DEV Community

Cover image for JSON Schema in 10 Minutes — Validation, Types & Real Examples
Anh Quân Nguyễn
Anh Quân Nguyễn

Posted on • Originally published at calculators.im

JSON Schema in 10 Minutes — Validation, Types & Real Examples

Two years ago I shipped a webhook handler without input validation. A partner started sending us a slightly malformed payload (an extra field, one missing required field) and our worker silently processed garbage into the database for three days before anyone noticed. By the time I traced it, we had 12,000 corrupt rows and a very awkward customer call.

I learned JSON Schema the next week. This post is the cheat sheet I wish someone had handed me on day one — the keywords I actually use, the gotchas that bit me again later, and the honest comparison with OpenAPI and TypeScript types.

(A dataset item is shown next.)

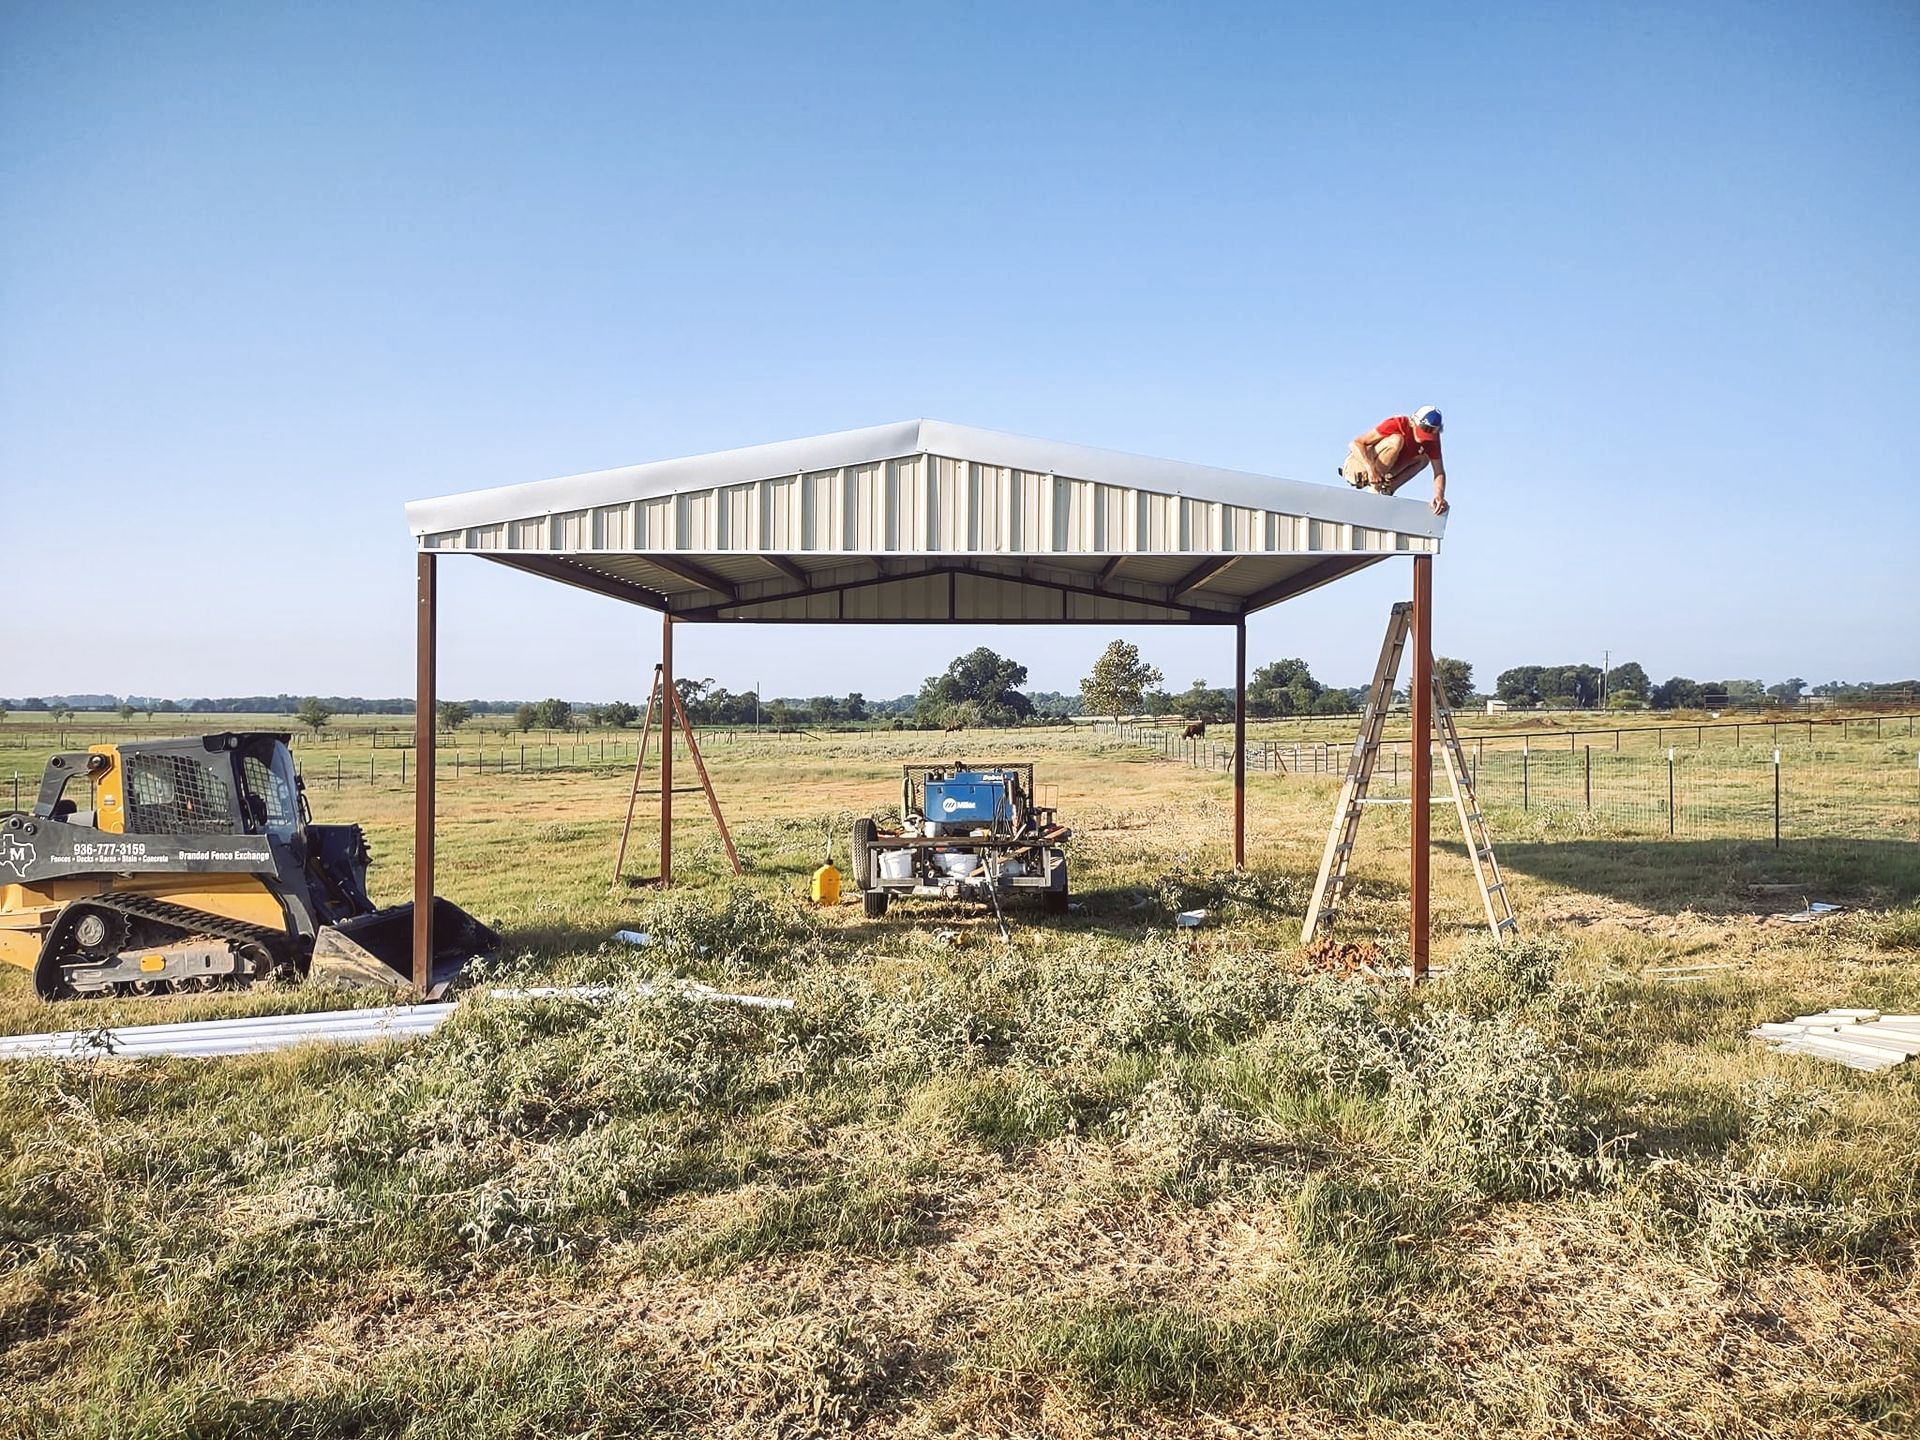 A man is working on a metal structure in a field.

The seven types you'll use

Every JSON value is one of seven types: string, number, integer, boolean, object, array, or null. The integer type is a JSON Schema convenience (raw JSON only has number) but the schema layer enforces "no decimal places." A minimal schema:

{
  "type": "string"
}
Enter fullscreen mode Exit fullscreen mode

That validates any string and rejects everything else. You can also accept a union:

{
  "type": ["string", "null"]
}
Enter fullscreen mode Exit fullscreen mode

Useful for optional fields you want to keep present in the payload rather than omitting. Before I write more than a one-line schema I usually paste a sample payload into a JSON formatter to see the actual shape pretty-printed. Type errors almost always come from misreading the structure.

Objects, required, and the additionalProperties trap

Most real validation work happens on objects. The three keywords you use every day are properties, required, and additionalProperties:

{
  "type": "object",
  "properties": {
    "email":    { "type": "string" },
    "age":      { "type": "integer" },
    "verified": { "type": "boolean" }
  },
  "required": ["email"],
  "additionalProperties": false
}
Enter fullscreen mode Exit fullscreen mode

Three gotchas to internalize. First, properties describes each field but does NOT make any of them required. Without the required array, every property is optional. Second, required is a separate list of property names that must be present (presence only, you still need type to validate the value). Third, additionalProperties: false rejects any property not listed. Without this line, the schema accepts arbitrary extra fields silently. This was the bug that hit me — the partner was sending email_address instead of email, and without additionalProperties: false my schema accepted it as "no email + an unknown field."

Set additionalProperties: false by default. Remove it only when you genuinely want a free-form object. For maps with arbitrary keys but a known value type, use it as a schema instead of a boolean:

{
  "type": "object",
  "additionalProperties": { "type": "number" }
}
Enter fullscreen mode Exit fullscreen mode

That validates any object where every value is a number. Perfect for price lookup tables, feature-flag percentages, or anything keyed dynamically.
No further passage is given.